DeepMind’s AI predicts structures for a vast trove of proteins
AlphaFold neural network produced a ‘totally transformative’ database of more than 350,000 structures from Homo sapiens and 20 model organisms.
The human genome holds the instructions for more than 20,000 proteins. But only about one-third of those have had their 3D structures determined experimentally. And in many cases, those structures are only partially known.
Now, a transformative artificial intelligence (AI) tool called AlphaFold, which has been developed by Google’s sister company DeepMind in London, has predicted the structure of nearly the entire human proteome (the full complement of proteins expressed by an organism). In addition, the tool has predicted almost complete proteomes for various other organisms, ranging from mice and maize (corn) to the malaria parasite (see ‘Folding options’).

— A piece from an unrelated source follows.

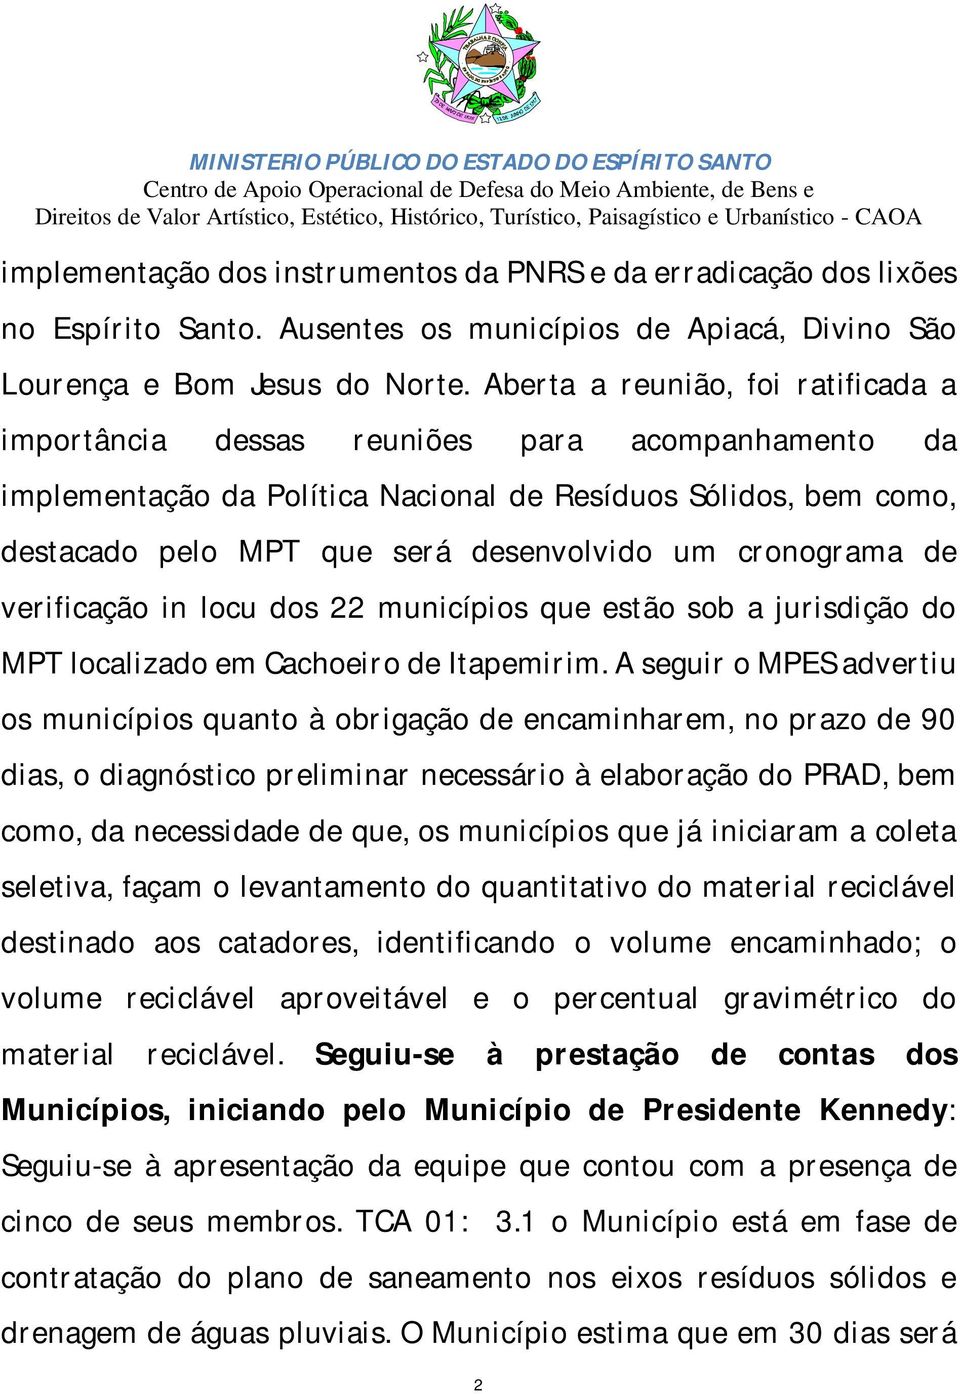 cronograma de verificação in locu dos 22 municípios que estão sob a jurisdição do MPT localizado em Cachoeiro de Itapemirim.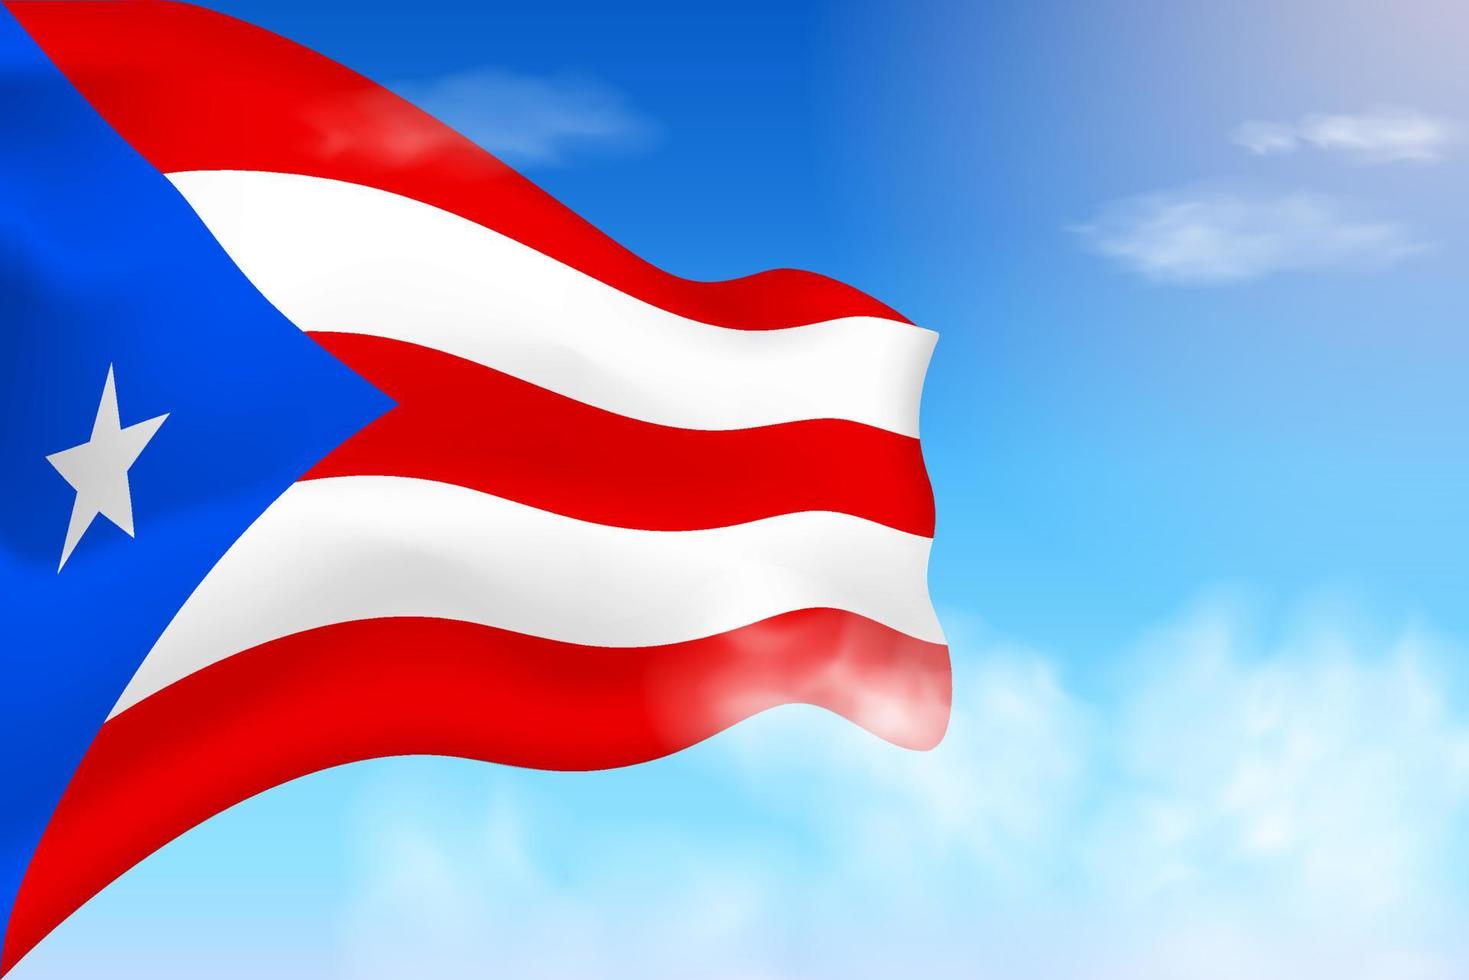 Puerto Rico vlag in de wolken. vector vlag zwaaien in de lucht. nationale dag realistische vlag illustratie. blauwe hemelvector.

The more than 350,000 protein structures, which are available through a public database, vary in their accuracy. But researchers say the resource — which is set to grow to 130 million structures by the end of the year — has the potential to revolutionize the life sciences.
“It’s totally transformative from my perspective. Having the shapes of all these proteins really gives you insight into their mechanisms,” says Christine Orengo, a computational biologist at University College London (UCL).
“This is the biggest contribution an AI system has made so far to advancing scientific knowledge. I don’t think it’s a stretch to say that,” says Demis Hassabis, co-founder and chief executive of DeepMind.
But researchers emphasize that the data dump is a beginning, not an end. They will want to validate the predictions and, more importantly, apply them to experiments that were hitherto impossible. “It’s an amazing first step, that we have all this data on that scale,” says David Jones, a UCL computational biologist who advised DeepMind on an earlier iteration of AlphaFold.
DeepMind stunned the life-sciences community last year, when an updated version of AlphaFold swept a biennial protein-prediction exercise called CASP (Critical Assessment of Protein Structure Prediction). In this long-running competition, which has traditionally been the domain of academics, researchers predict the structures of proteins whose structures have been experimentally solved, but not yet made public.
Some of AlphaFold’s predictions were on par with very good experimental models, and some scientists said the network’s influence would be epochal. Last week, DeepMind released the source code behind the latest version of AlphaFold, and a detailed description of how it was developed
1 (academic teams have already begun using these resources to make useful predictions). In the process of preparing AlphaFold’s code for public release, DeepMind refined it to make the code run more efficiently. Some of the CASP predictions took days, but the updated version of AlphaFold could now compute them in minutes to hours.